The absurdity of this prompted the EMTs to ask more clarifying questions to ensure there were no other medical events preceding this one (“Do you have some kind of PTSD with turtles?”). They couldn’t help letting out some laughs as I stifled my own, suddenly remembering how I felt when I’d awoken to similar scenes years before—opening my eyes to fuzzy faces above me; the disorientation, embarrassment, even. As funny as it was, my empathy for her quelled the desire to laugh, afraid it would make her more uncomfortable. To be clear, I don’t think the EMTs were out of line or disrespectful—they were overall very professional and friendly with the family, and I think anyone with a sense of humor might have laughed in this scenario. I simply had a different reaction based on my own experiences as a patient.

I don’t know if my suspicion of being discreetly laughed at was orchestrated by my altered level of consciousness, but even if it wasn’t, I can empathize. Humor is vital in a profession that calls for the regular witnessing and managing of traumatic events. I get it. I don’t feel retrospective embarrassment like I once did. But having acquired this new understanding of the provider’s standpoint, coupled with my experience as the patient, I can say how valuable it is to remember that the patient doesn’t know what you know.

Patients are often uninformed, and providers must keep that in mind to ensure the best experience for their patients. That’s what the profession is about—caring for the sick and injured. Just as situational awareness is key to your safety, active awareness of the patient’s emotional state is key to their comfort. From what I’ve observed so far, the practice of this principle hasn’t fallen short. I’ve seen kindness, compassion, resilience, and a strong sense of humanity exhibited by EMS personnel and firefighters.
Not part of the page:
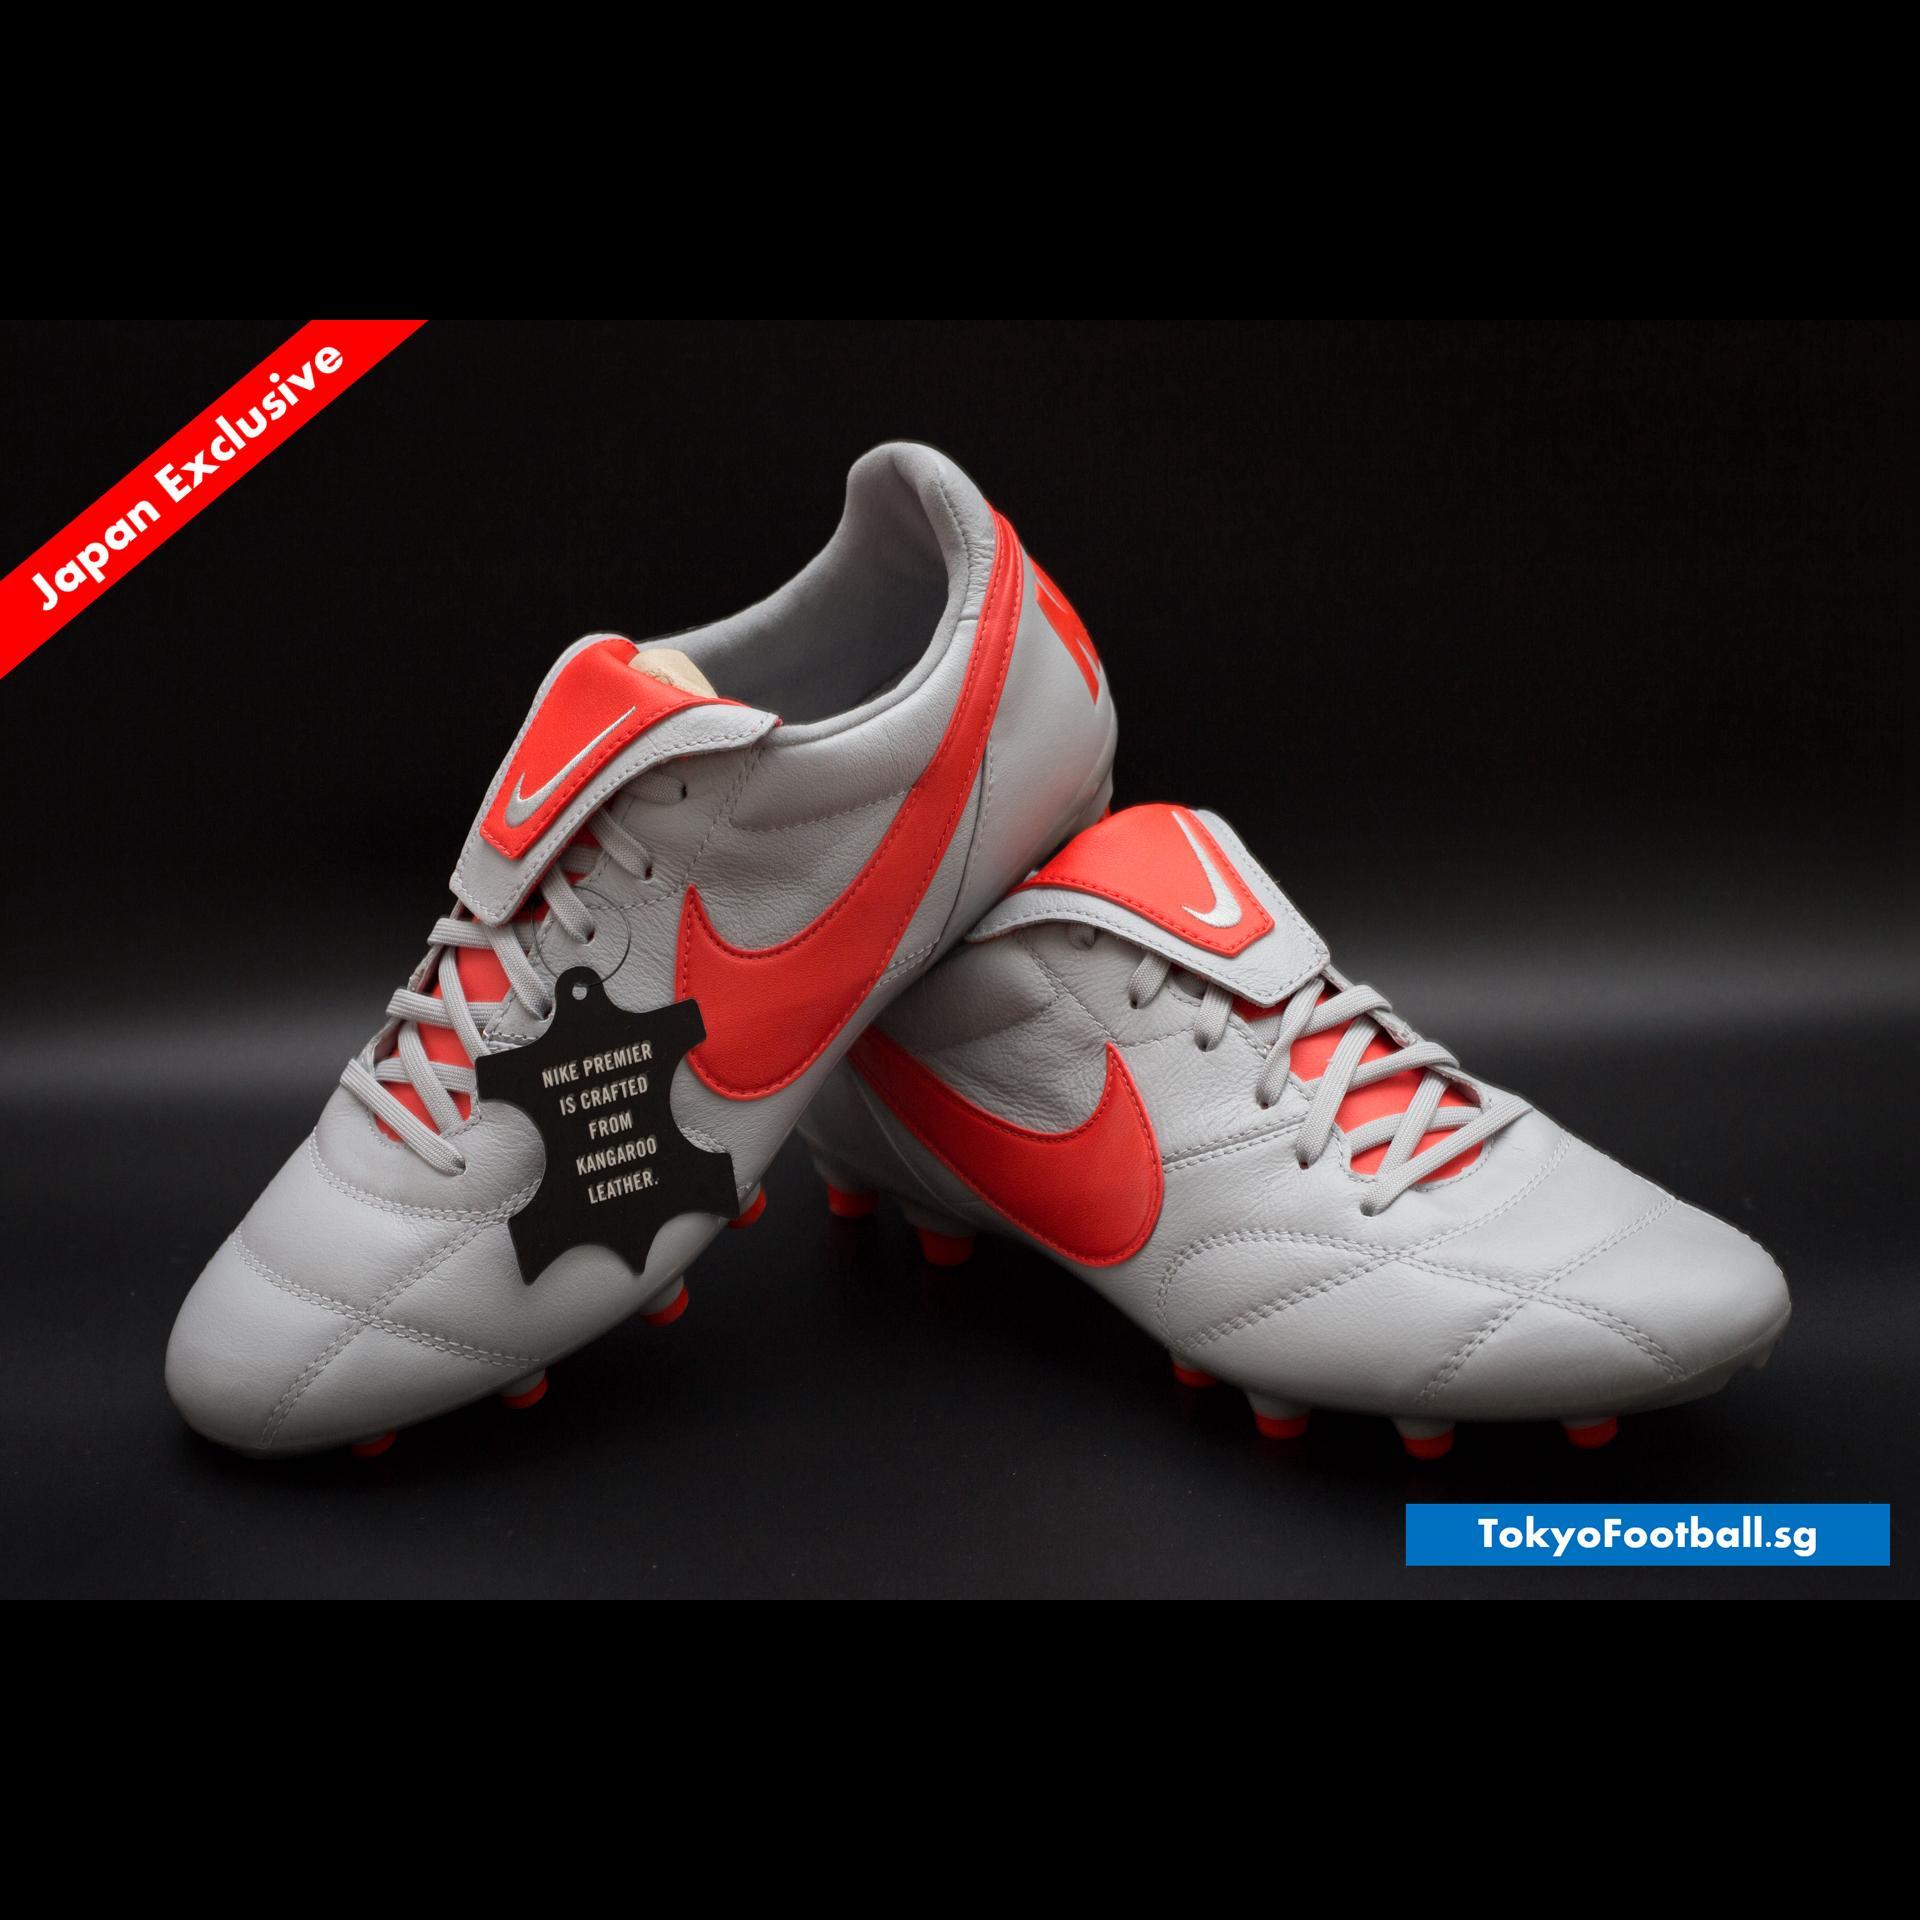 Shoes Buy OnlineLazada Nike Football Buy 2E9HDI

If you find yourself in this category, keep doing what you’re doing. It matters. If you’ve found yourself hardened by years of arduous field work that have made patients more like anonymous assignments than human beings, try taking a step back and really put yourself or even your mother or best friend in their position. Does that humanize them again, changing the way you care for them? Do you still have the passion for patient care that brought you into the field in the first place?

This is my thank you letter to the providers who have graciously cared for me and countless others, and a gentle reminder that patients notice and remember more than you might think. Everything you do in your time with them makes a difference, for better or worse. For the times patients couldn’t or didn’t tell you when they wanted to, I’ll tell you now—your kind words, smiles, and empathy go a very long way.